Lok Sabha Speaker Sumitra Mahajan’s tenure as the presiding officer was not supposed to have generated the kind of pyrotechnics it has. For the first time in 30 years, there was a clear parliamentary majority in the Lower House, and an Opposition so decimated that not a single party qualified for the post of Leader of the Opposition. The Speaker of such a House was supposed to rule gently, allow the Opposition its space in debates and restore some of the deference to the Chair that more precariously balanced Lok Sabhas hadn’t in the past.
What is even more surprising is that it happened on the watch of the mild-mannered Ms. Mahajan, so identified with the image of an indulgent but proper elder sister, or Tai , that she has officially adopted it on her official resume.

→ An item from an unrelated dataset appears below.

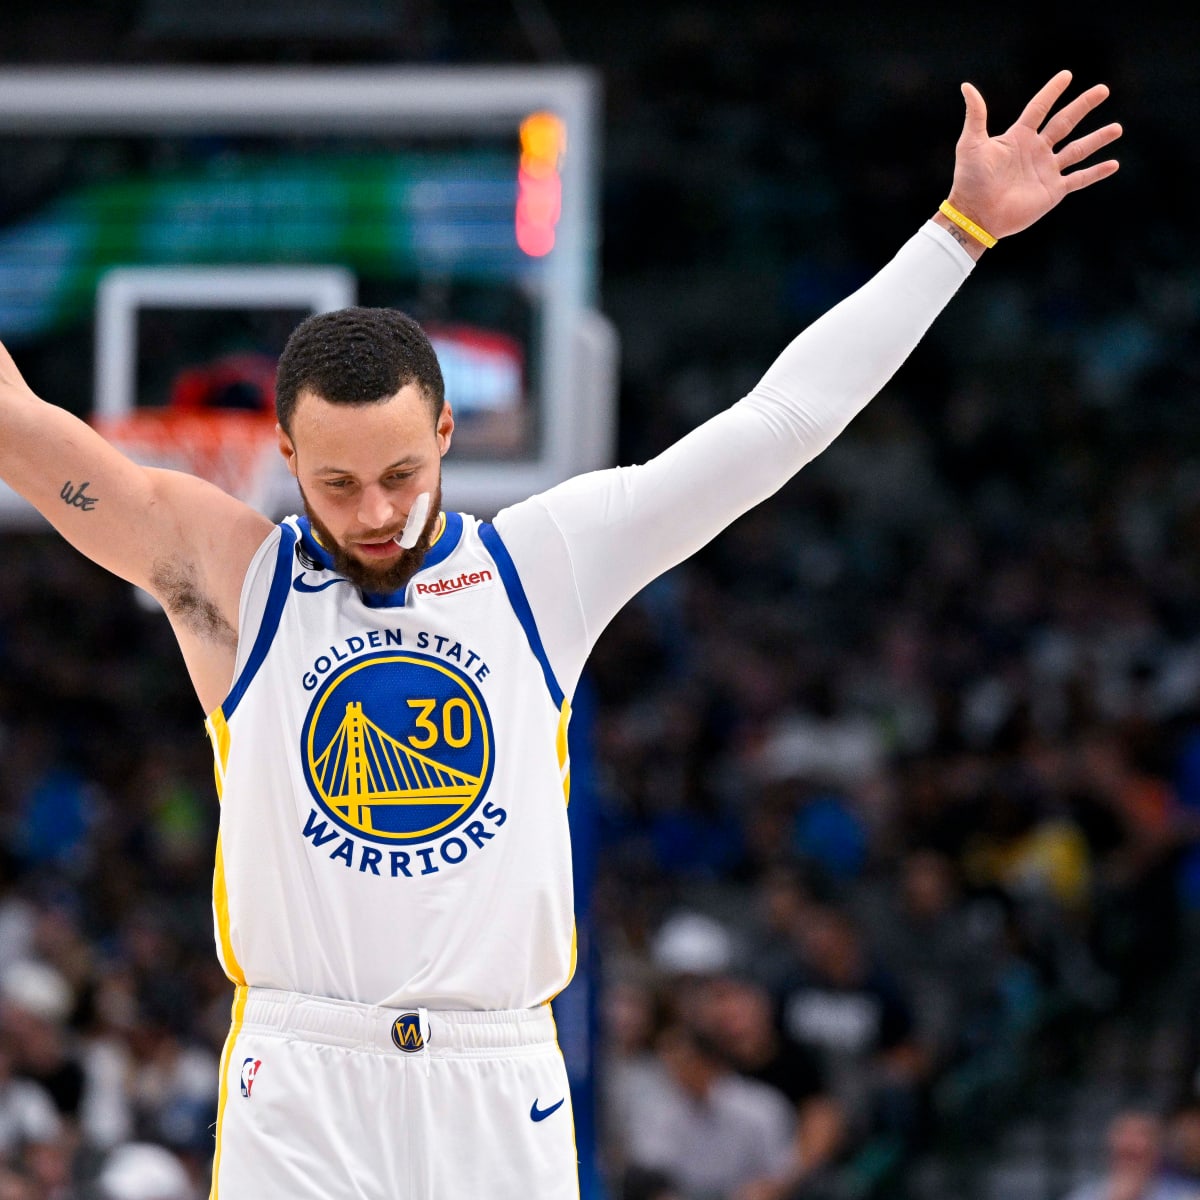 Warriors projected lineup and rotations heading into 2023-24 season

Ms. Mahajan, 71, the woman with the largest number of Lok Sabha victories to her credit, eight in total, was determined to be uncharacteristically confrontationist. A famous story about Ms. Mahajan and other disgruntled Ministers of State in the Vajpayee government goes like this: “It was during Vajpayeeji’s premiership and we were all Ministers of State, but we had no work. Tai organised a tea party for us disgruntled lot; we shared our sorrows, Tai even sang the song mera sundar sapna toot gaya [my beautiful dream has been broken] in a sort of gallows humour to suit the occasion.”
Hardly fits the profile
Sumitra Mahajan quietly built equations with the then BJP president, Kushabhau Thakre, not only to deal with faction fights in the BJP’s Madhya Pradesh unit with the current BJP general secretary Kailash Vijayvargiya, but also to get a separate department of women and child welfare allotted to her under the HRD Ministry. Her actions on Monday hardly fit the non-confrontationist path she has usually adopted in the past.